Recombinant mouse IGF 1 or MH S macrophage selleck chemicals Bicalutamide condi tioned media was sufficient to stimulate the proliferation of neoplastic LM2, JF32 and E9 cells and non neoplastic E10 cells. The degree of growth stimu lated by 50 ng/mL IGF 1 was similar to that of M CM in each line. These results confirm that IGF 1 alone can stimulate the growth of long estab lished neoplastic and non neoplastic cell lines, as well as cells isolated more recently from primary mouse lung tumors, consistent with previous reports on human cancer cell lines. In order to determine any relevant role of EGFR in mediating macrophage stimu lated tumor cell proliferation in these cell lines, recom binant mouse EGF was added at 2 ng/mL. This is roughly 500 times the reported EC50 for growth stimula tion and 20 times higher than levels found in the BALF from tumor bearing animals.
Inhibitors,Modulators,Libraries EGF had no significant effect on tumor cell proliferation when added alone, and did not significantly affect the ability of either IGF 1 or M CM to stimulate neoplastic growth. This is not surprising in view of recent studies showing that EGFR inhibitors Inhibitors,Modulators,Libraries do not inhibit growth of lung cells with KRAS mutations. As IGF 1 was sufficient to induce neoplastic prolifera tion, we determined whether the IGF 1 and M CM growth effects were additive. A dose of 50 ng/ml IGF 1 stimulated neoplastic growth to a similar extent as M CM . 2 ng/mL IGF is the reported EC50 for IGF 1 stimulated proliferation in vitro as well as the concentration detected in the BALF of tumor bearing mice in vivo.

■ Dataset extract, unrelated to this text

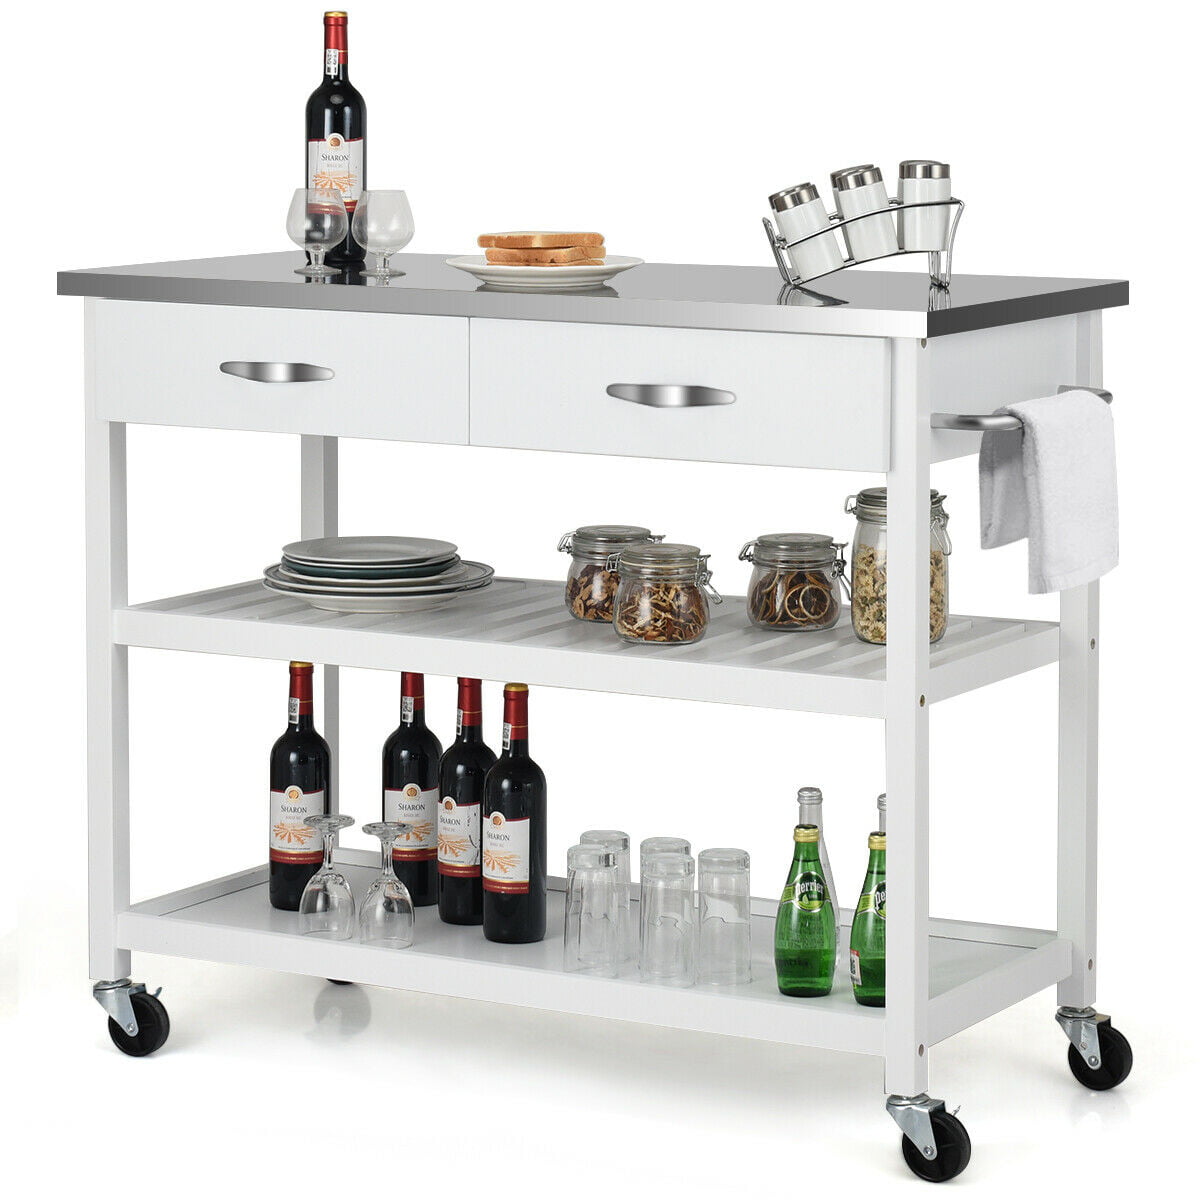 Stainless Steel Rolling Kitchen Trolley Cart IslandCountertop w/ Drawer Stainless Steel Rolling Kitchen Cart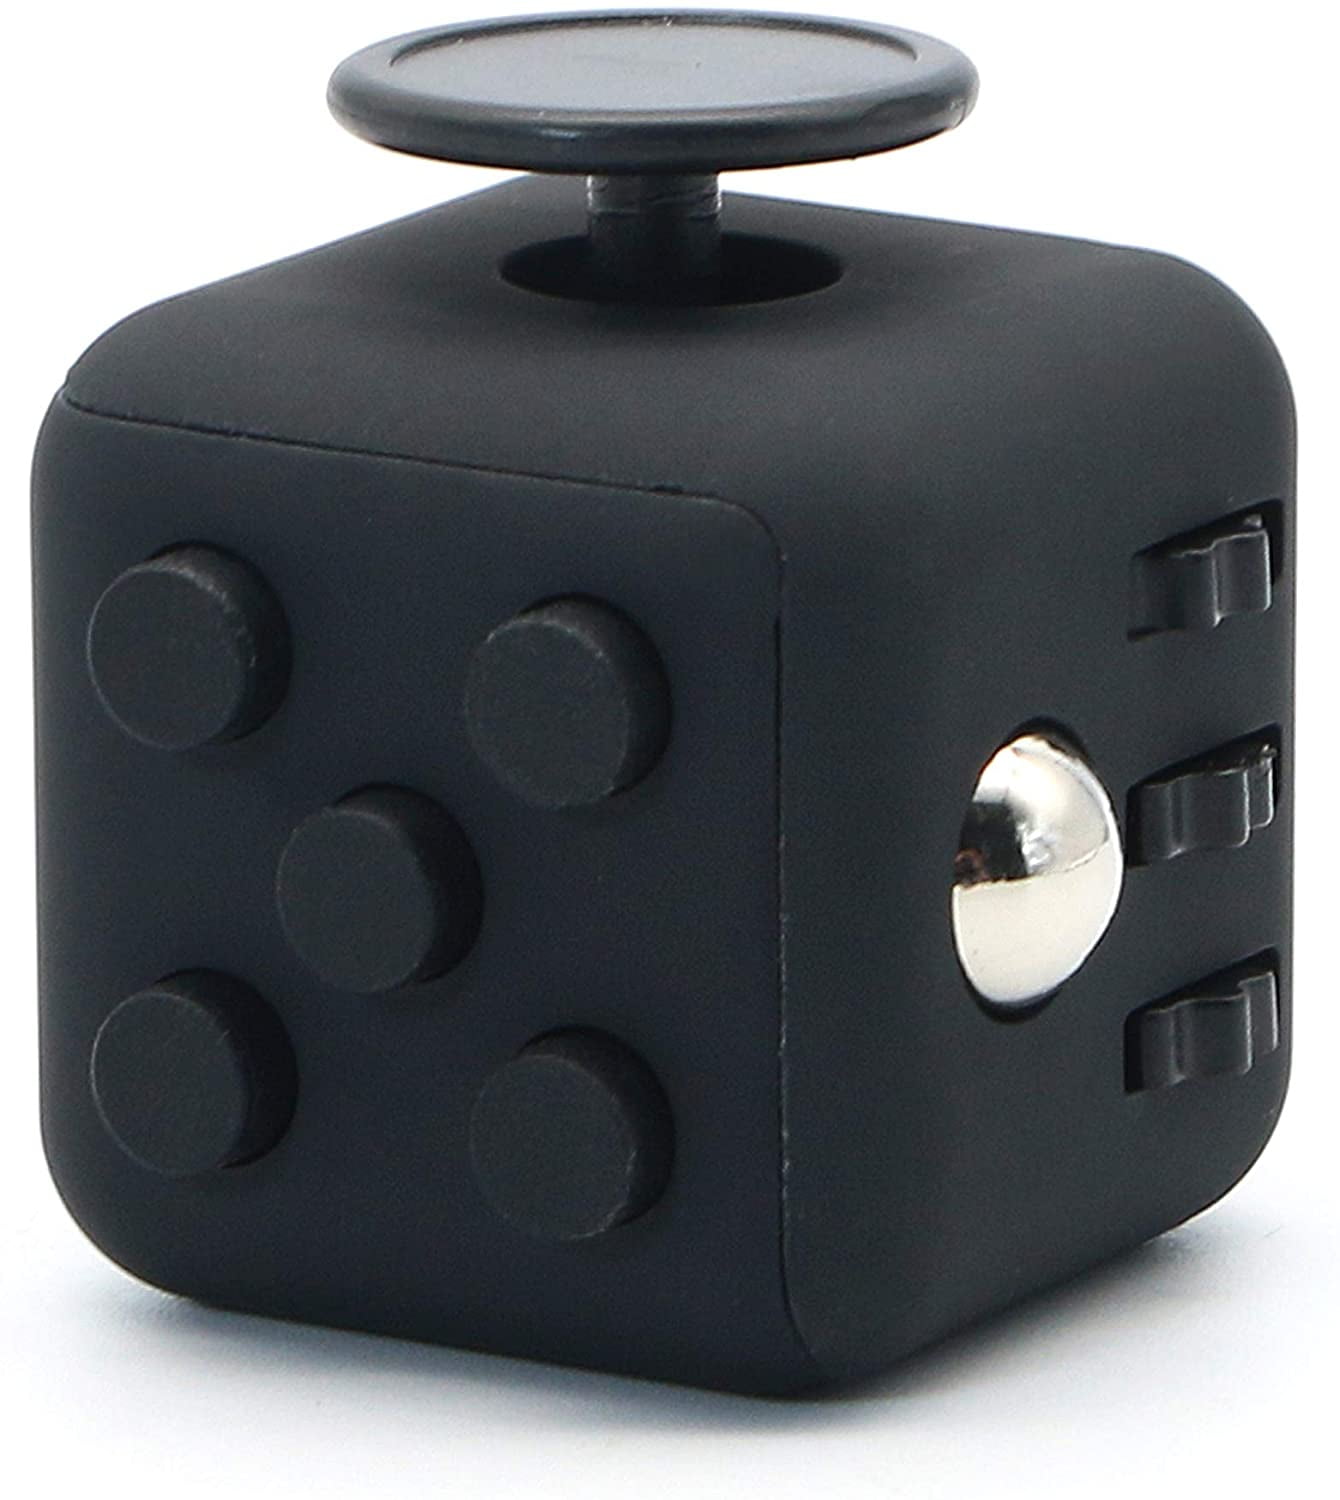 Fidget Cube Anxiety Stress Relief Focus 6-side Calm Funny Finger Toy Black Red

Inhibitors,Modulators,Libraries IGF 1 dose depen dently stimulated the proliferation of both Inhibitors,Modulators,Libraries LM2 and JF32 cells, and augmented the growth stimulating effects of M CM when added in combination. Inhibitors,Modulators,Libraries To determine if IGF 1R signaling mediates both IGF 1 and M CM sti mulation, lung cancer cells were pre treated with vehicle or 5 uM NVP AEW541, and cell numbers determined as indicated. IGF 1 and M CM each significantly increased cell numbers after 48 and 72 hrs, while pharmacological inhibition of IGF 1R signaling blocked IGF 1 and M CM growth effects in both neoplastic lines. Parallel comparison of MTS values indicated a highly significant correlation between live cell numbers and relative MTS scores. Furthermore, both IGF 1 and M CM increased the fraction of BrdU LM2 cells 12 24 hrs after treatment, corresponding with significantly increased cell numbers.
These observa tions suggest that IGF 1, but not EGF, plays a major role in macrophage stimulated neoplastic growth in vitro, consistent with the elevated IGF 1 levels observed in lung tumor bearing animals in vivo. M CM stimulation of neoplastic growth is diminished when IGF 1 content is decreased In order http://www.selleckchem.com/products/Cisplatin.html to determine if IGF 1 was a molecular mediator directly responsible for growth stimulated by M CM, we decreased M CM IGF 1 content through two indepen dent avenues immuno depletion and siRNA interference.